Conscience: The "heart" in which the law dwells corresponds to what Vatican II's Gaudium et Spes (§16) identifies as conscience: "the most secret core and sanctuary of a person, where one is alone with God." The righteous person of verse 31 is not one who mechanically follows rules but one whose conscience has been formed and inhabited by divine wisdom.
Inheritance of the Land: The Fathers, including Origen and Cassiodorus, read verse 29 christologically and eschatologically: the "land" is ultimately the beatific vision, the fullness of Christ himself. Cassiodorus writes: "The land of the living is that heavenly kingdom where eternal life flourishes." This reading is ratified by the Catechism's treatment of the Beatitudes, where "the meek shall inherit the earth" is understood as participation in the new creation (CCC 2546).

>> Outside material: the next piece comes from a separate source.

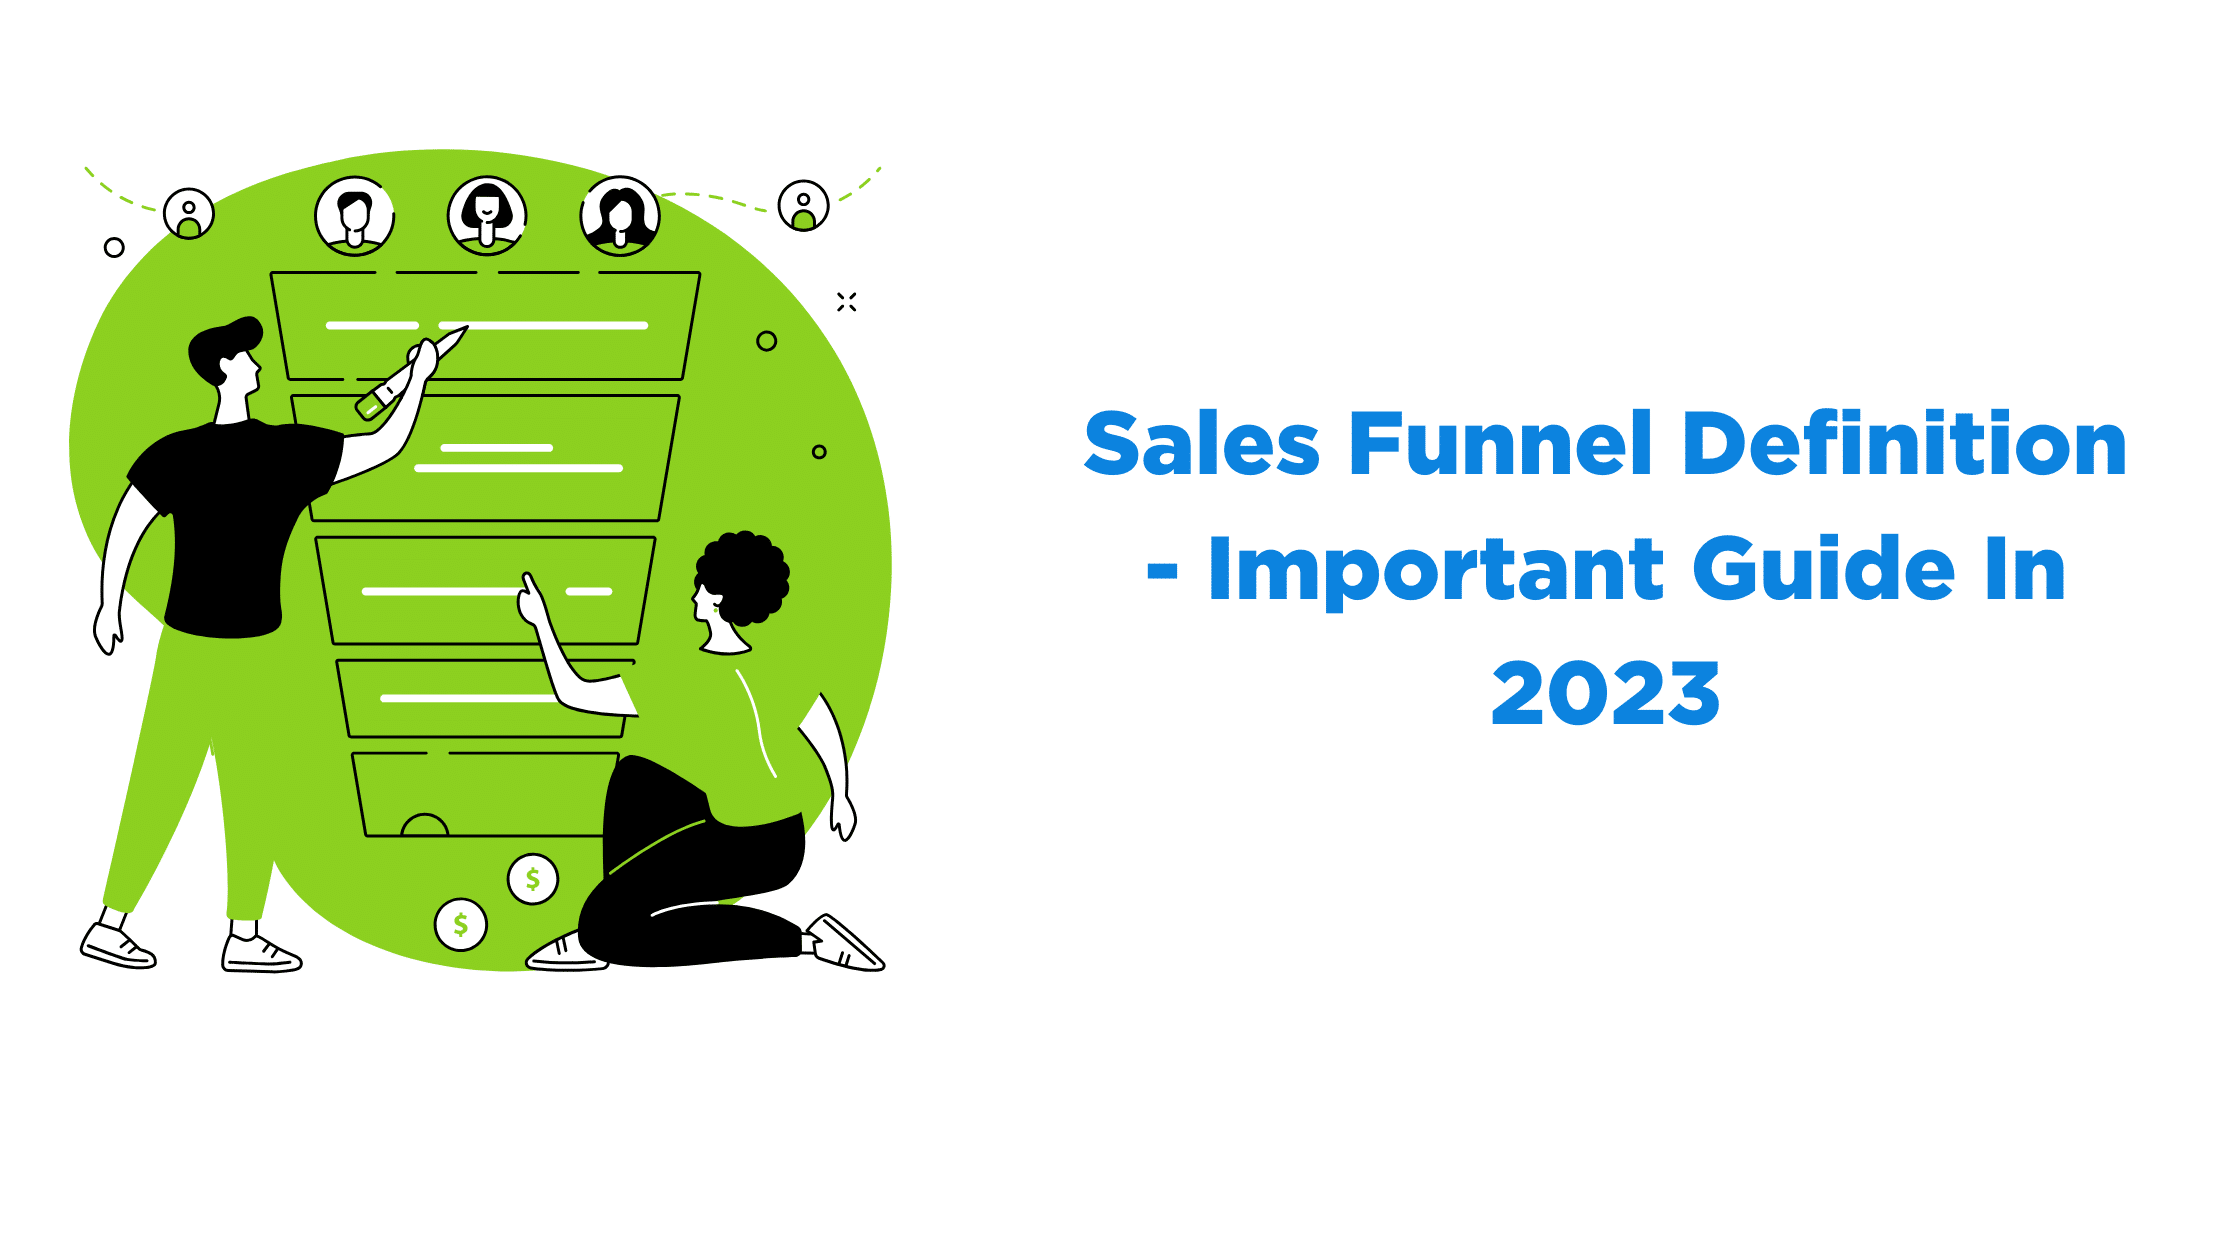 Sales Funnel Definition – Important Guide In 2023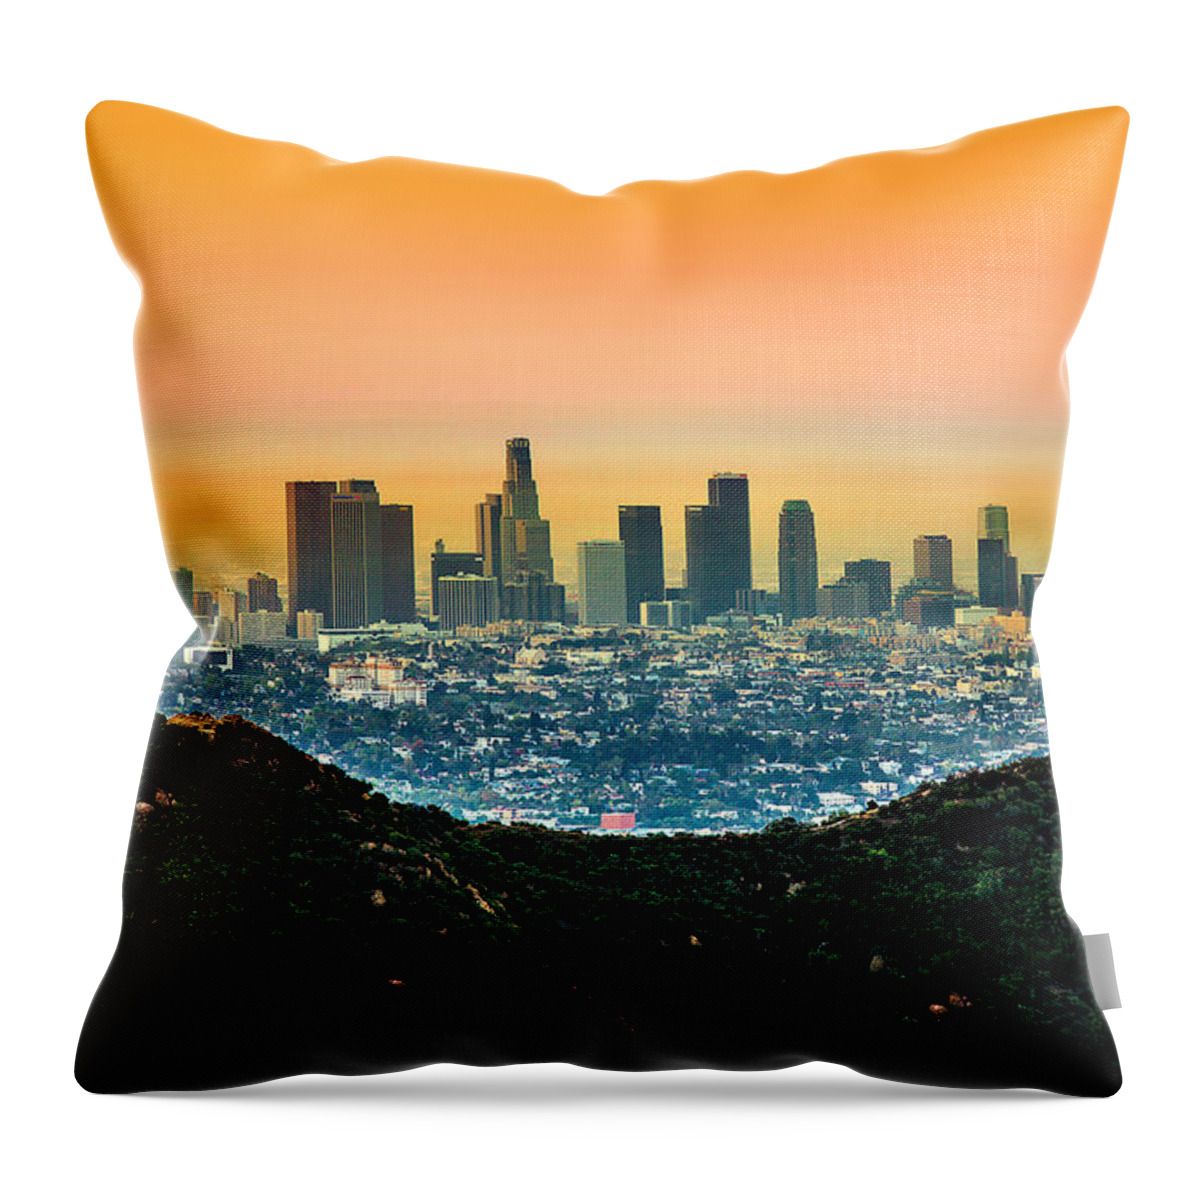 Los Angeles Throw Pillow featuring the photograph Good Morning LA by Az Jackson

For a contemporary Catholic, these verses speak directly to the crisis of moral formation in a culture that treats ethics as preference and law as external imposition. Verse 31 offers a counter-diagnosis: the problem is not primarily behavioral but formational — the law of God is not yet fully in the heart. This calls for concrete practices of interior formation: daily lectio divina, the Liturgy of the Hours, frequent reception of the Eucharist and the sacrament of Penance. These are not rule-following exercises; they are the means by which the law of God is gradually inscribed in the heart, exactly as Psalm 37:31 envisions.
Verse 27's double imperative is also pastorally urgent. "Depart from evil" requires naming the specific evils one is clinging to — not evil in general, but the particular patterns of sin that the examination of conscience surfaces. "Do good" requires active, not merely passive, virtue. The Psalmist does not say "avoid evil and wait" — he commands movement toward the good.
Verse 29's promise of inheritance calls Catholics to resist both worldly despair (when injustice seems to win) and a purely privatized faith. The inheritance is communal and cosmic — the renewal of all creation — and working for justice in the world is itself a participation in that eschatological promise.
Verse 31 — "The law of his God is in his heart" This is the theological climax of the cluster. The law (tôrāh) is not external constraint but an interior principle — lodged in the lēb (heart), the seat of will, intellect, and affective orientation in Hebrew anthropology. This verse is the direct Old Testament anticipation of the New Covenant promise in Jeremiah 31:33 ("I will put my law within them, and I will write it on their hearts"). The righteous person does not merely obey the Torah; he or she is Torah-shaped at the deepest level of personhood. The consequence — implied rather than stated — is that such a person's steps do not slip (cf. v. 31b in the full text): stability of life follows from stability of interior formation.